In his wonderful book,Visual Explanations: Images and Quantities, Evidence and Narrative, author Edward R. Tufte argues that, had data correlating launch temperature and O-ring damage been properly presented, the Challenger disaster may have been averted (pgs. 39-53). Instead engineers missed the fateful relationship. This oversight was largely the result of graphical presentation that should have made an obvious pattern stand out, but didn't.
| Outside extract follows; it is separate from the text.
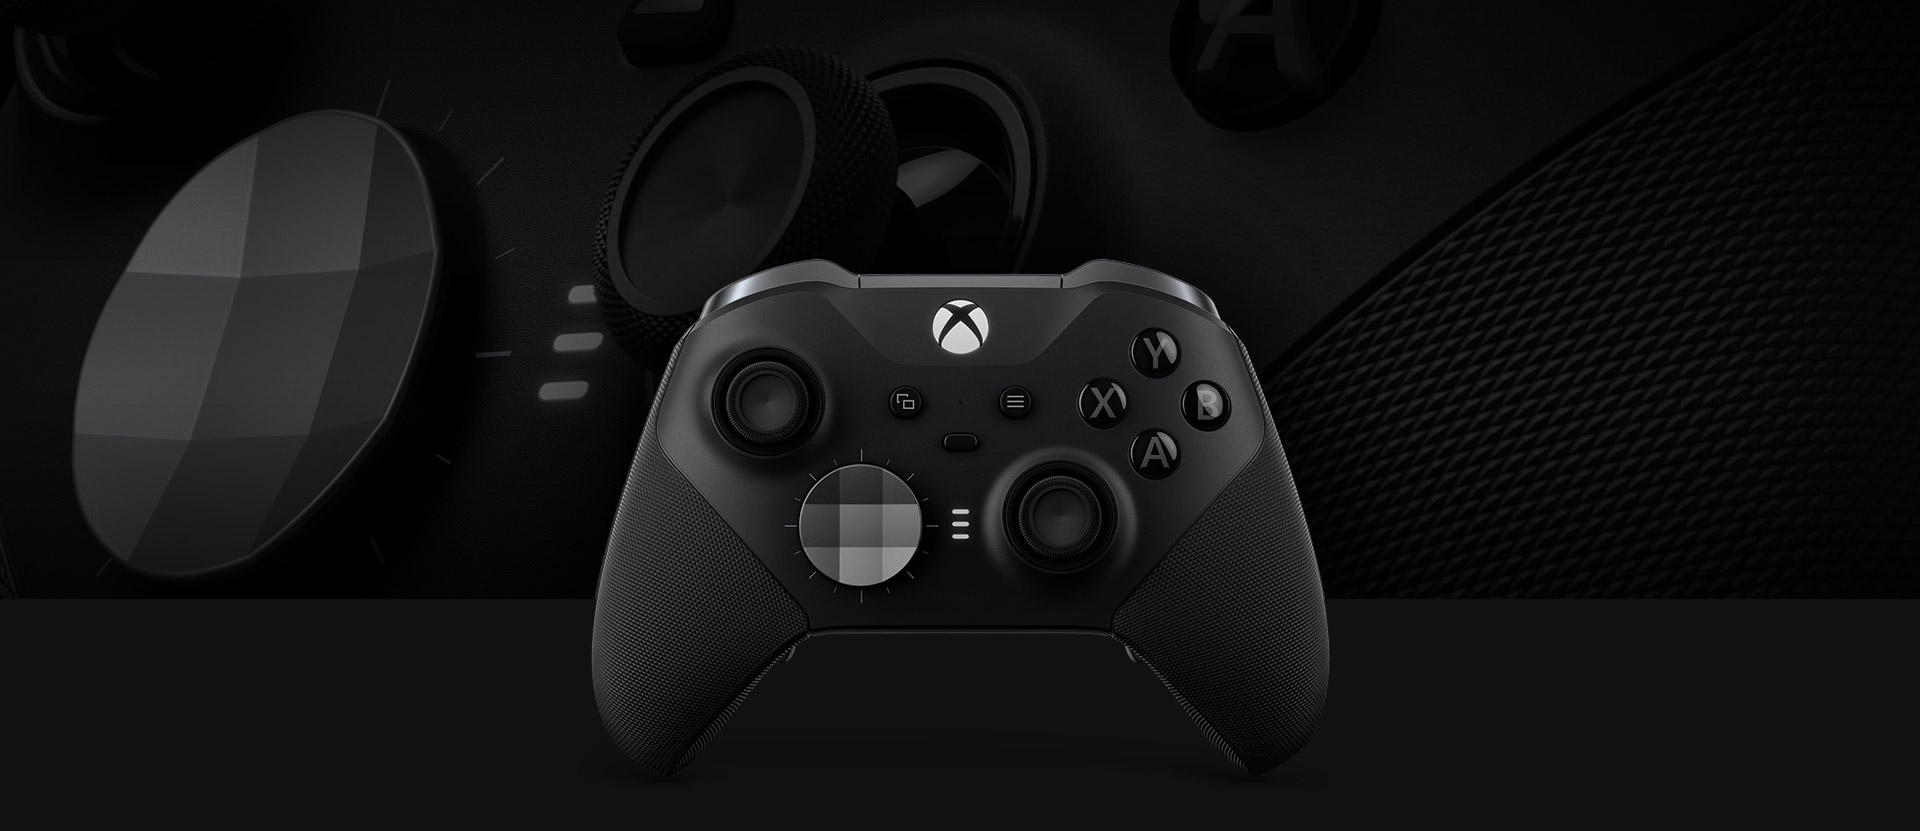 Vooraanzicht van de Xbox Elite draadloze controller Series 2 met een close-up van de controller op de achtergrond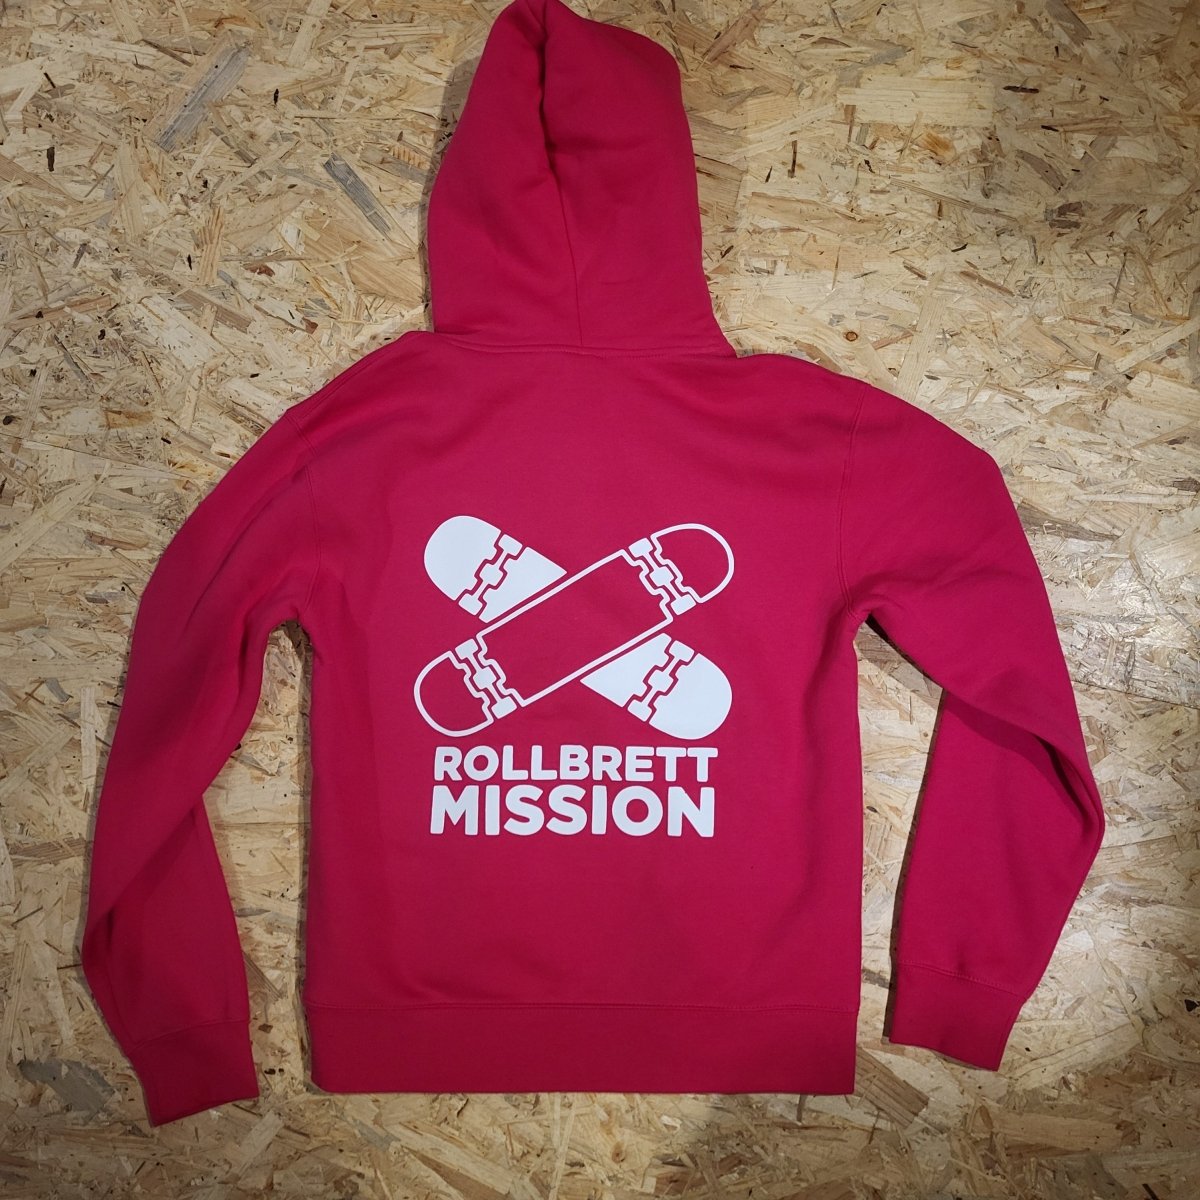 Rollbrett Mission Old School Hoodie pink - Shirts & Tops - Rollbrett Mission

Little drawings of 48 rockets marked with O-ring damage history seemed both clever and appropriate, but added "visual noise". This noise robbed the graphic of it's most critical element - clarity. The sad results of this oversight are history.
In another example from the same book, Tufte discusses the 1854 cholera epidemic in London that caused 616 deaths. According to Tufte, "Dr. John Snow (Queen Victoria's anesthesiologist) was able to discover the cause of the epidemic and bring it to an end". Acting on the effective graphics he'd developed, he devised a simple solution. He removed the handle from a Broad Street water pump, halting the spread of the disease.
But how could quality graphical presentation have have helped with more recent problems? Consider the June 17, 2009 article Use Heat Maps to Expose Rare but Dangerous Frauds by Toby J. F. Bishop & Frank Hydoski in the online edition of Harvard Business Review. The authors argue that simple to comprehend "heat maps" may have exposed events like "the rogue trading in 2007 that cost Société Générale more than $7 billion or the recent Madoff case."